= WHAT YOU HAVE TO DO =
The expected output is the data below, character for character, without its pictures.

= RECORDED DATA =
"""

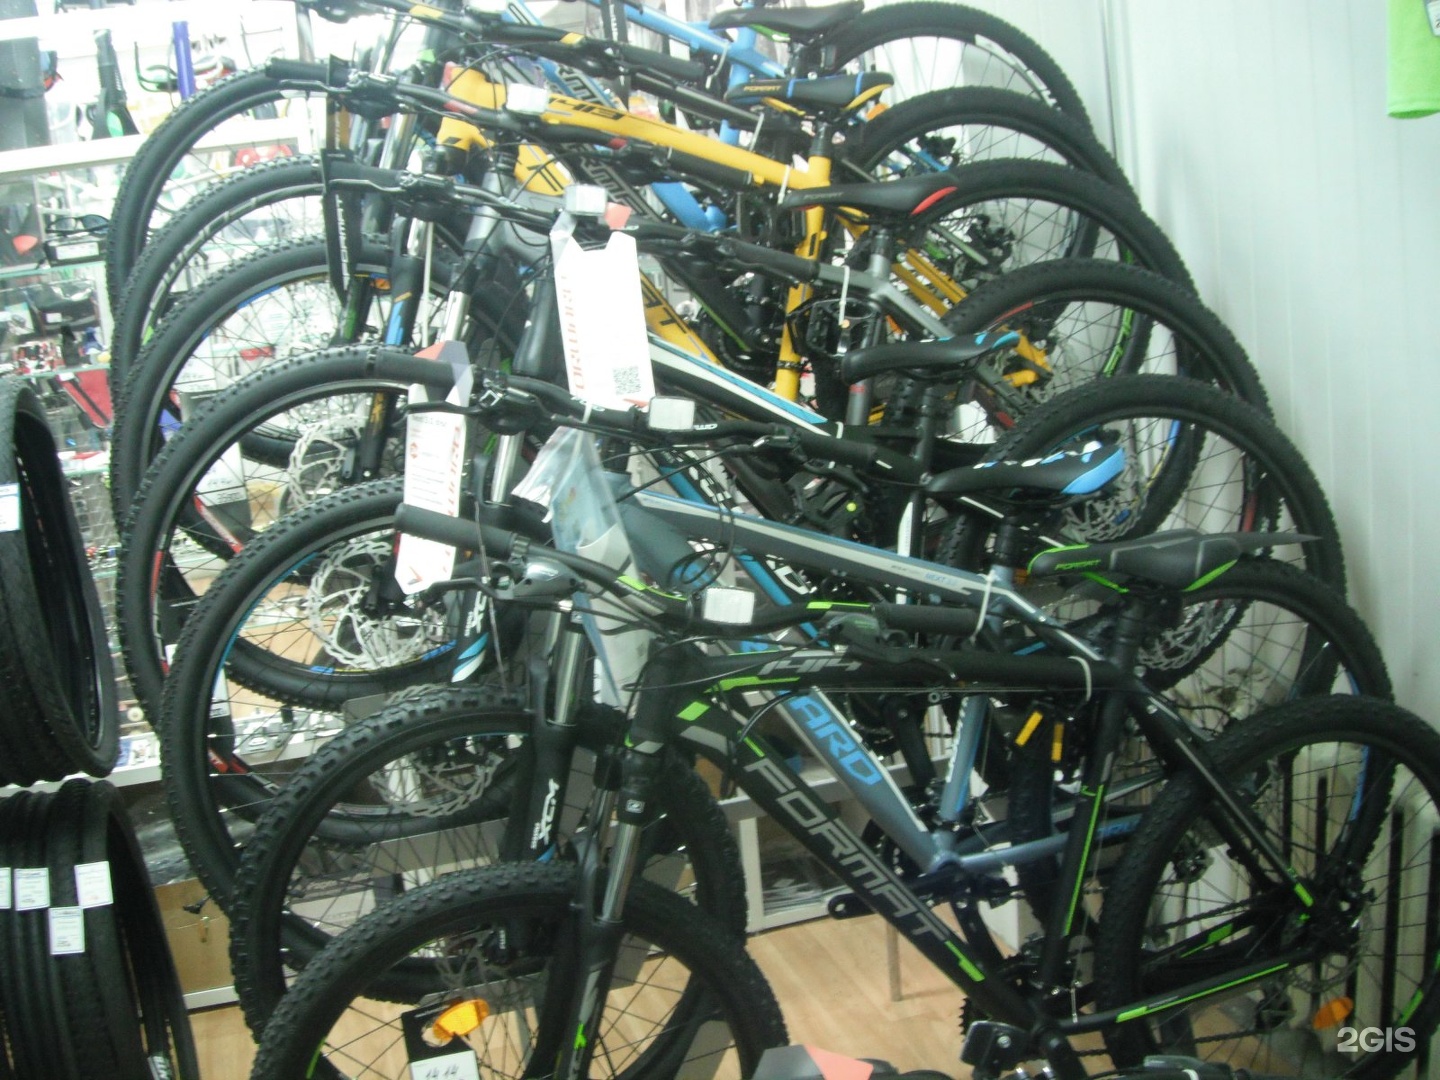 Купить велосипед в чебоксарах. Веломагазин Чебоксары Шумилова. Обслуживание велосипеда в Чебоксарах.
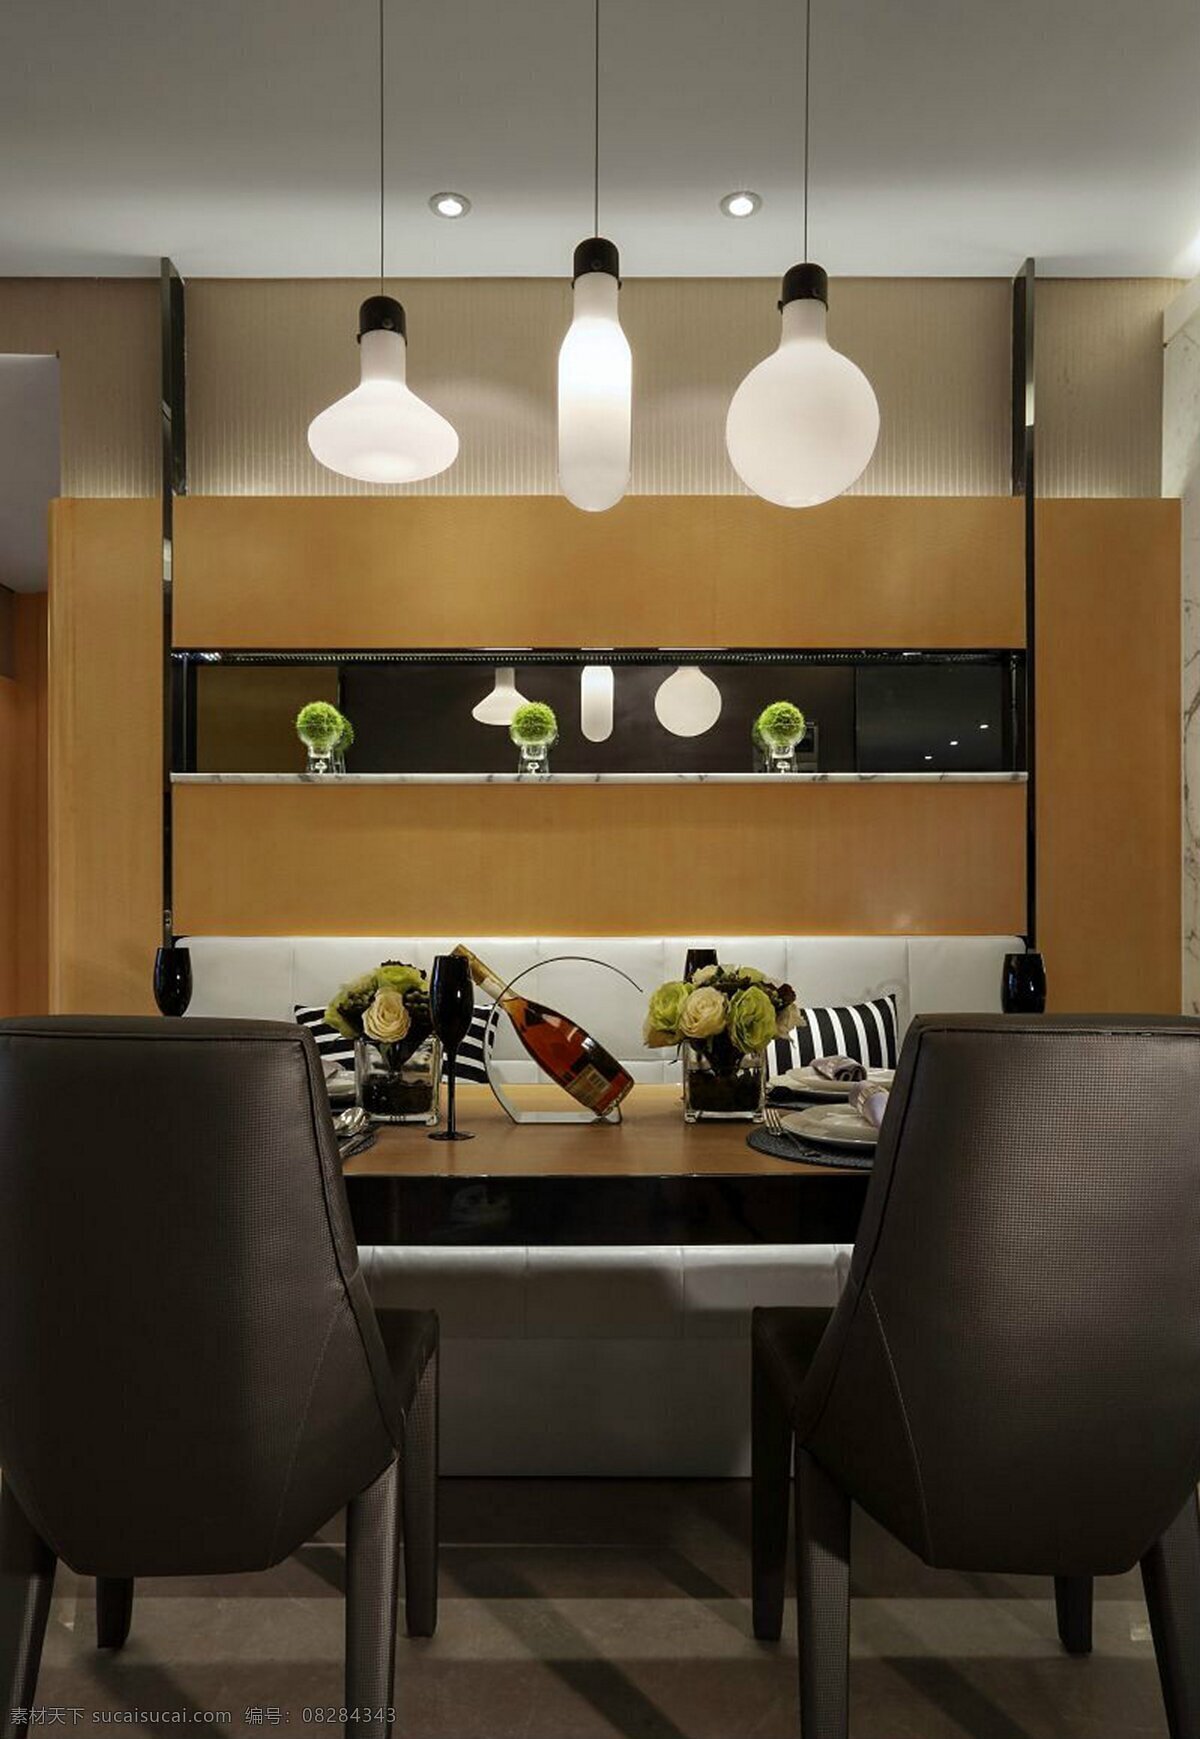 现代 简约 风 室内设计 餐厅 效果图 家装 家居 家具 餐桌 吊灯
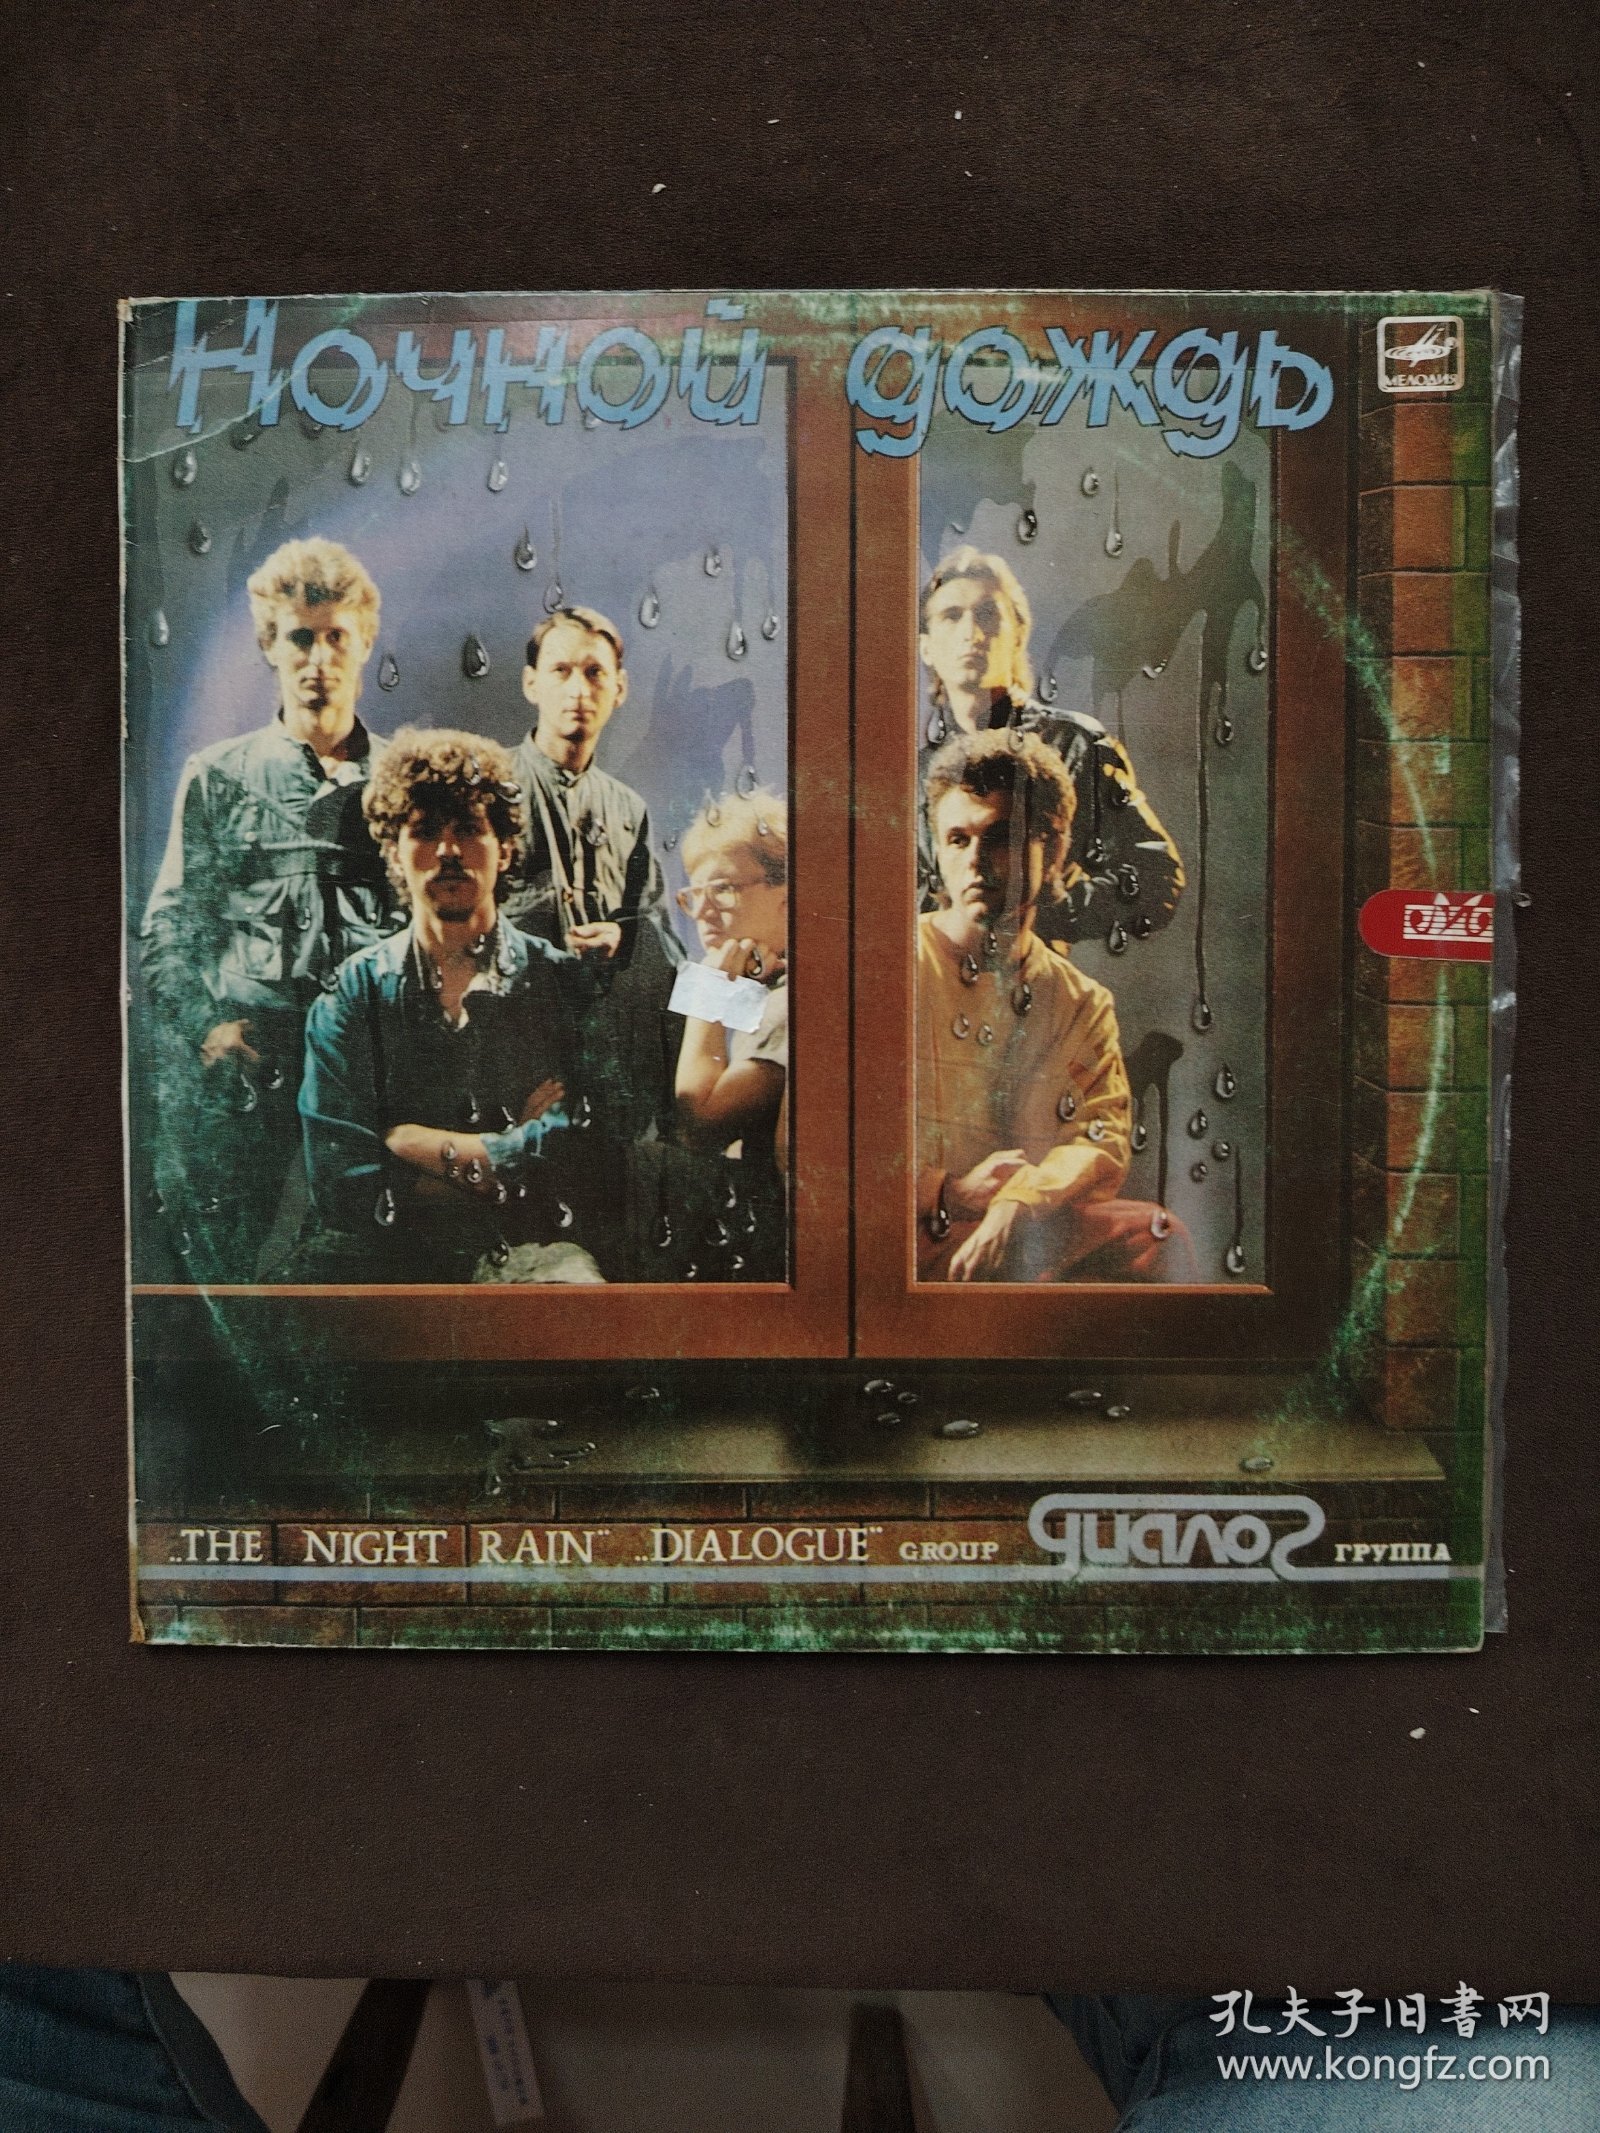 黑胶唱片 THE NIGHT RAIN DIALOGUE GROUP 对话小组演唱流行曲 1986

"""

= SOLUTION FOR THIS TASK =
 Купить велосипед в чебоксарах. Веломагазин Чебоксары Шумилова. Обслуживание велосипеда в Чебоксарах.
 现代 简约 风 室内设计 餐厅 效果图 家装 家居 家具 餐桌 吊灯
 黑胶唱片 THE NIGHT RAIN DIALOGUE GROUP 对话小组演唱流行曲 1986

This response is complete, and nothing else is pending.